Erdogan disse que a Suécia e a Finlândia deveriam enviar até 130 “terroristas” à Turquia para participar da OTAN

ANCARA (Reuters) – O presidente turco, Recep Tayyip Erdogan, disse que a Suécia e a Finlândia devem deportar ou extraditar até 130 “terroristas” para a Turquia antes que o parlamento turco aprove sua candidatura para ingressar na Otan.

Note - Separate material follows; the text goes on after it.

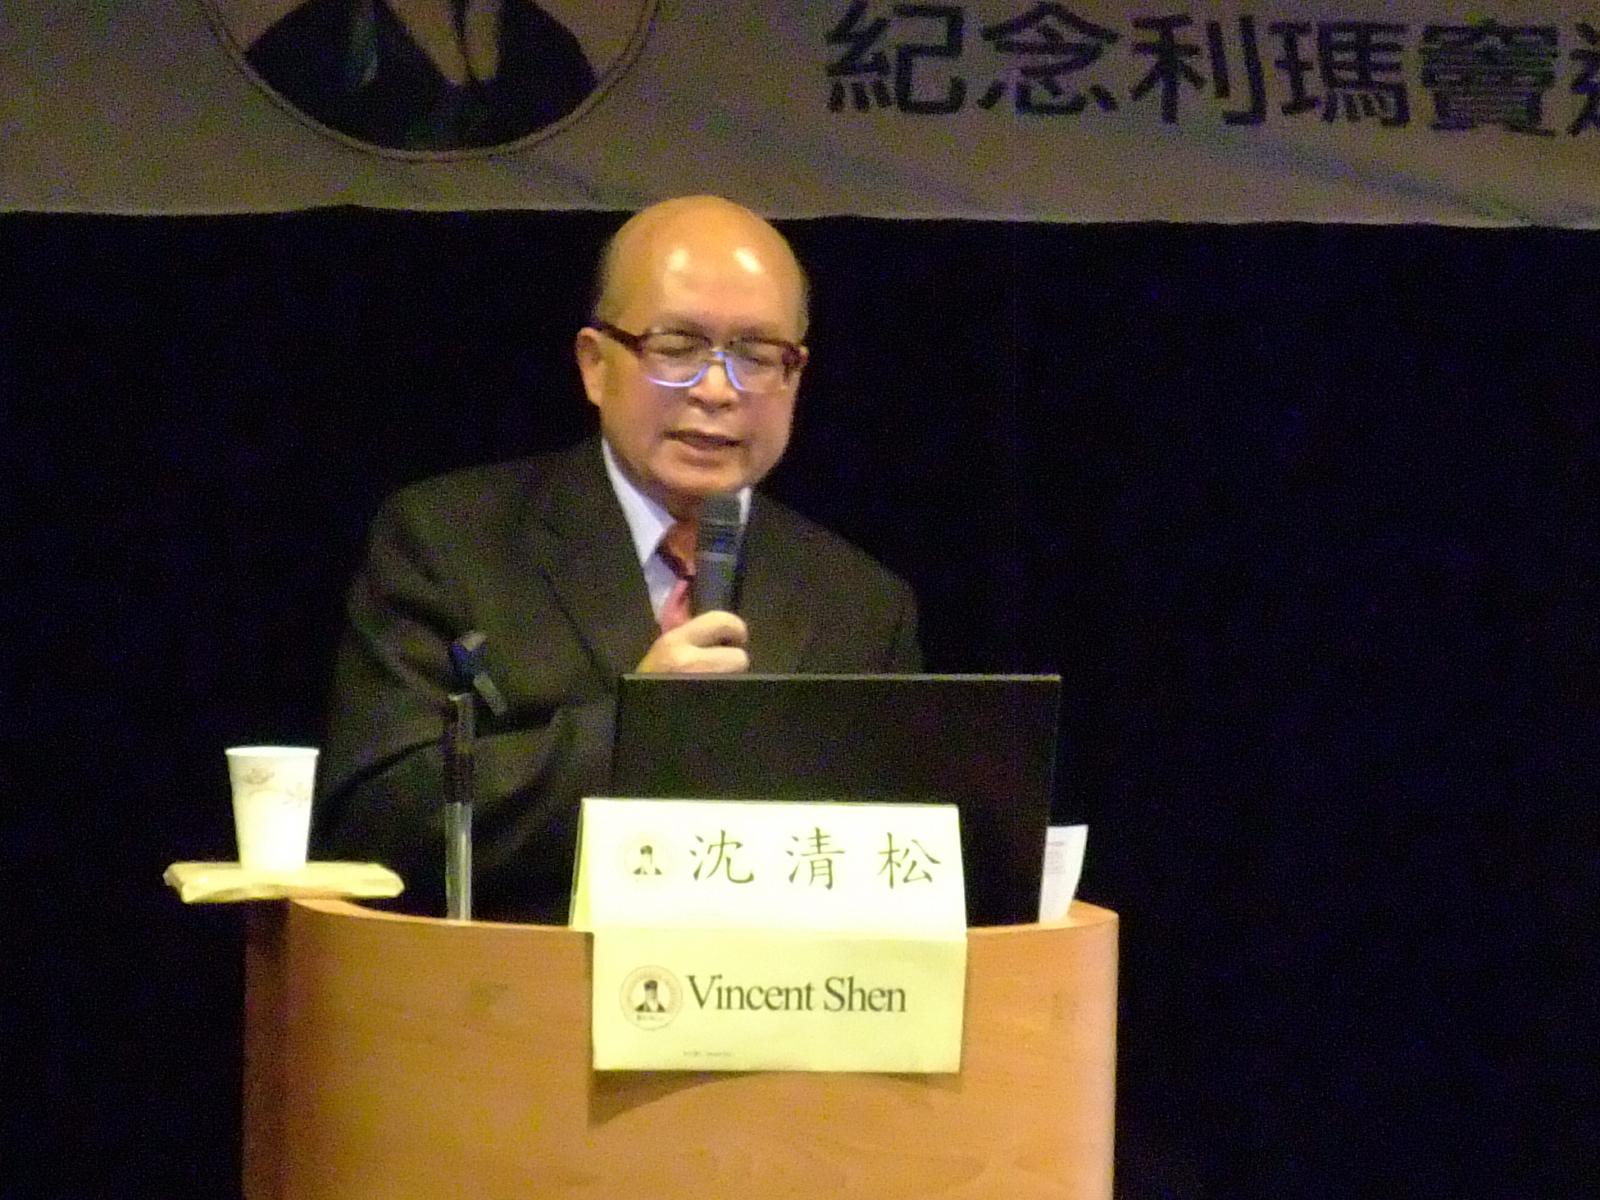 201004紀念利瑪竇逝世四百週年國際學術研討會-13

Os dois países escandinavos se inscreveram no ano passado para ingressar na OTAN após a invasão da Ucrânia pela Rússia, mas suas ofertas devem ser aprovadas por todos os 30 estados membros da OTAN. A Turquia e a Hungria ainda não ratificaram os pedidos.

A Turquia disse que a Suécia, em particular, deveria primeiro assumir uma postura mais clara contra o que vê como terroristas, principalmente militantes curdos e o grupo que culpa pela tentativa de golpe de 2016.

“Dissemos olhe, então se você não entregar seus terroristas para nós, não seremos capazes de aprová-lo (aprovando o pedido da OTAN) pelo parlamento de qualquer maneira”, disse Erdogan em comentários no final do domingo, referindo-se aos jornais conjuntos. A conferência que ele teve com o primeiro-ministro sueco Ulf Christson em novembro passado.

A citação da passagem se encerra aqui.